I wanted to continue with the post Getting Unstuck from the beginning of the month. There, I talked about becoming aware of something that is not working for you and then finding the baby steps it takes to make changes and move. Moving can be either a physical endeavor or a mental one; but I don't want to qualify it by saying "moving ahead". Any form of change will have some form of progress or regress or both. Setting a goal can help you to see what you would like to happen. It may take a little longer than you thought to get there, hence the potential for a step backward from time to time. A helpful way to sort through this step is with a pen and paper. Writing down what you want to change and putting it somewhere visible on a daily basis is a reminder, as well as a motivator. Don't know what to write or where to start...it can be as simple as writing down "I'm doing things differently from now on". I did that about 6 years ago at a difficult time in my life and was surprised how well I defended this decision (it was all I could do) and well, now my life is quite different , still with stress, but the kind I have control of now.
Here's a little gem from an article on Buddhism. I choose it because of it's relation to food and our thoughts.

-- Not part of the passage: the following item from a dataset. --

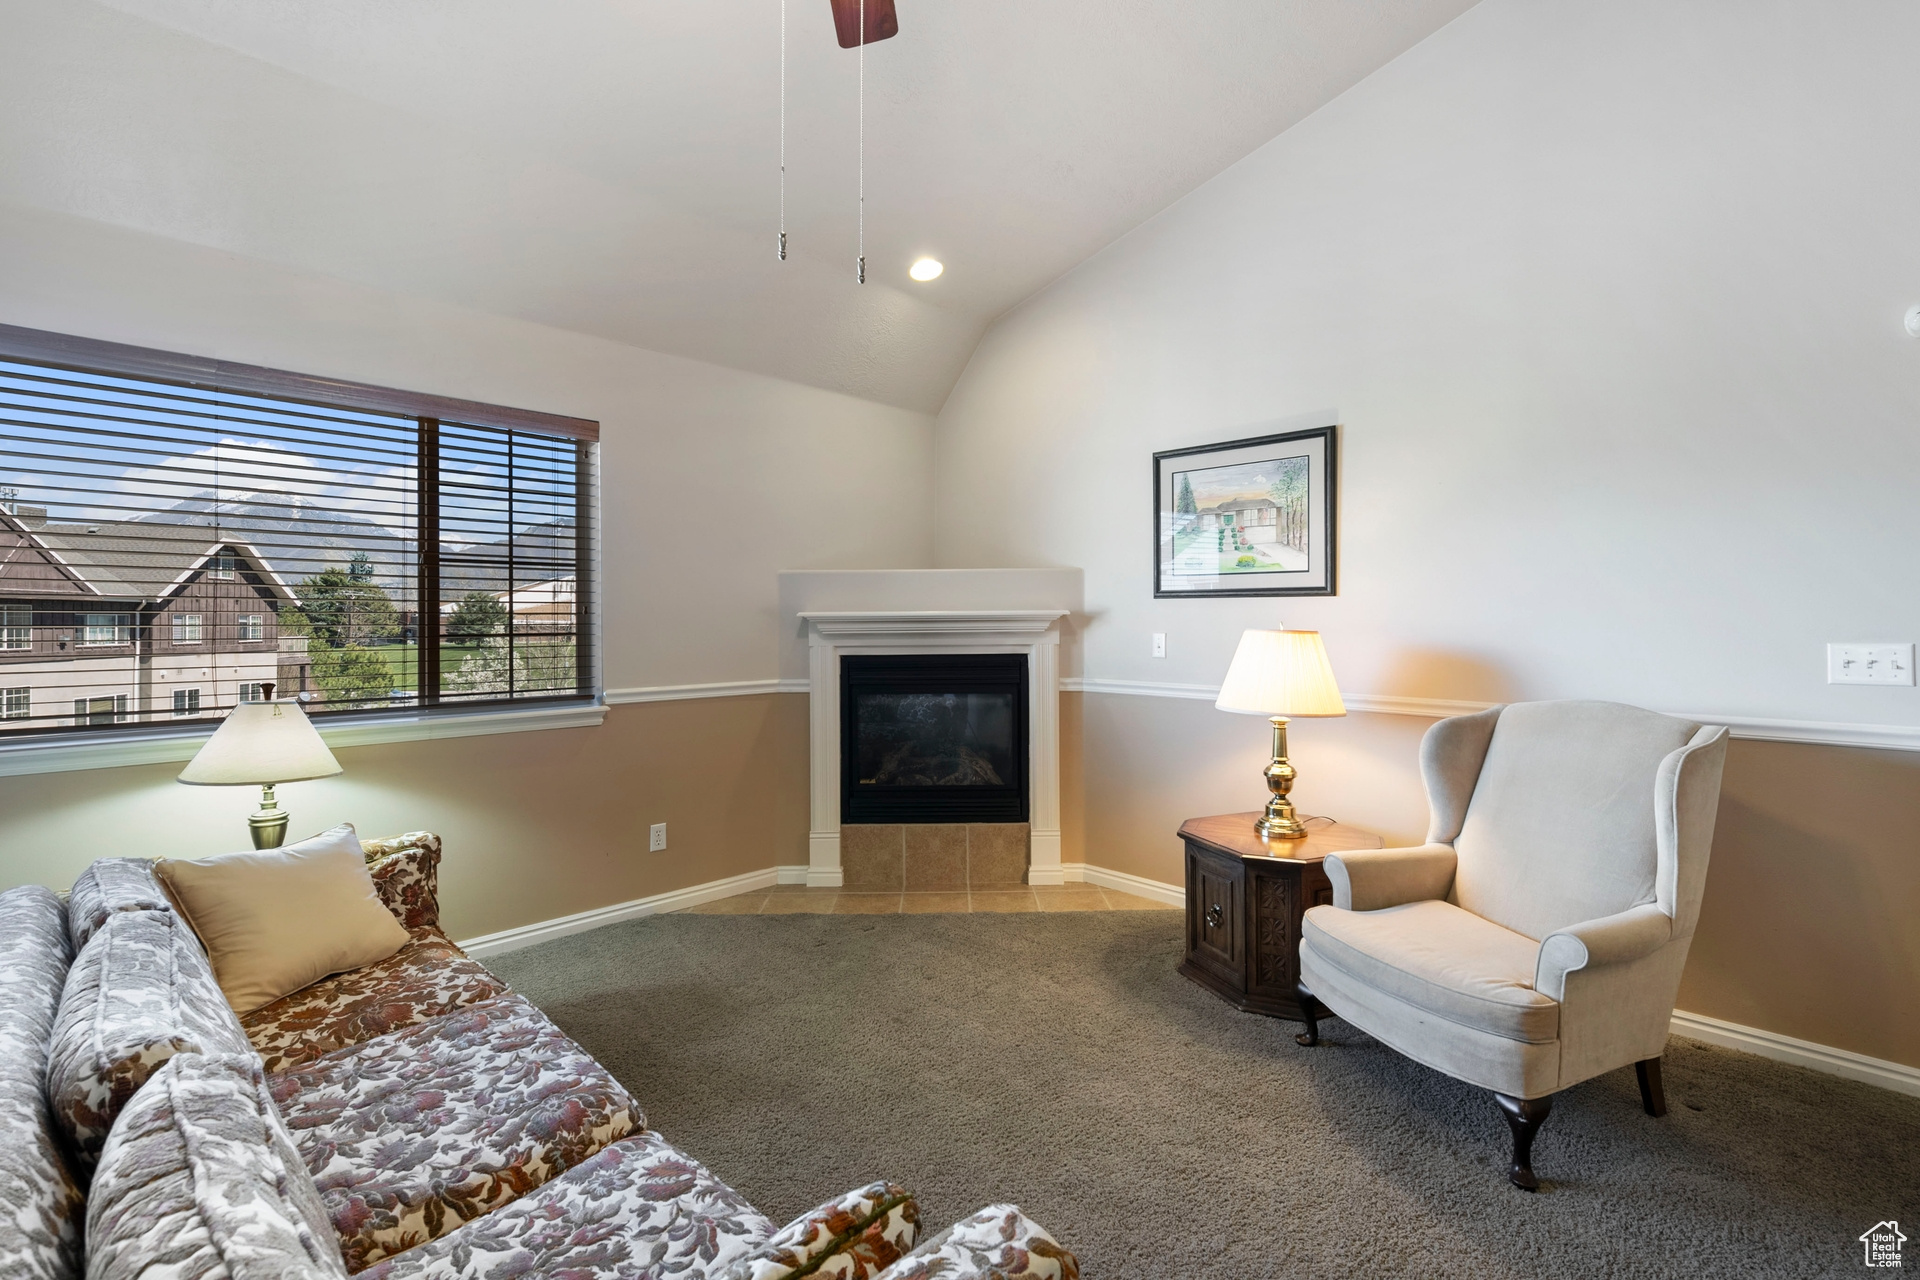 w/ mountain views, gas fireplace and vaulted ceiling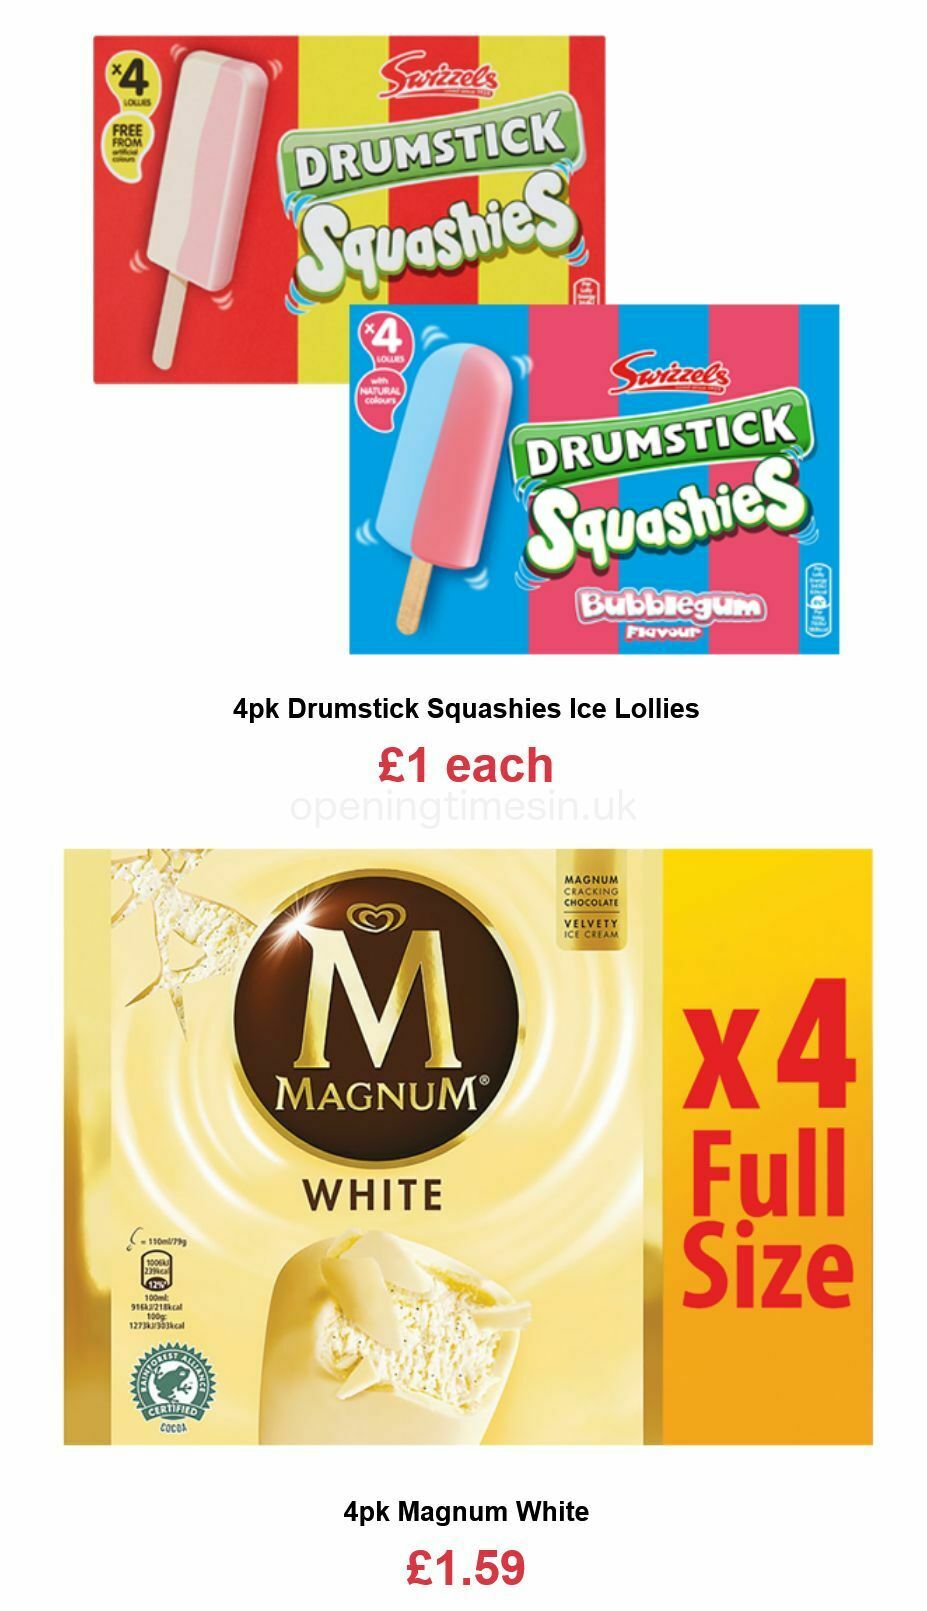 Farmfoods Offers from 14 June

In our society, we spend a tremendous amount of energy controlling what goes into our bodies. We obsess about what’s in our food and where it’s grown and how it may or may not be healthy for us. If we are what we eat, we are also what we think. There’s no better metaphor for the thoughts in our brains than the modern supermarket, with aisle after aisle of both useful and superfluous items, various brands of almost exactly the same thing.

The effort of replacing negative thoughts with positive ones is like replacing an enormous bag of potato chips with a fresh peach. Instead of reaching for the thing I usually reach for when I’m ravenously hungry, which will only leave me feeling sluggish and gorged, I could reach for something less immediately desirable that will leave me feeling better in the long run.

I’m not accomplished enough to get out of the supermarket, but I can try to be more discriminating about what I put into the cart—what I chose for myself out of the endless inventory. I can reach for the peach, try as much as possible for the diet of joyful thoughts.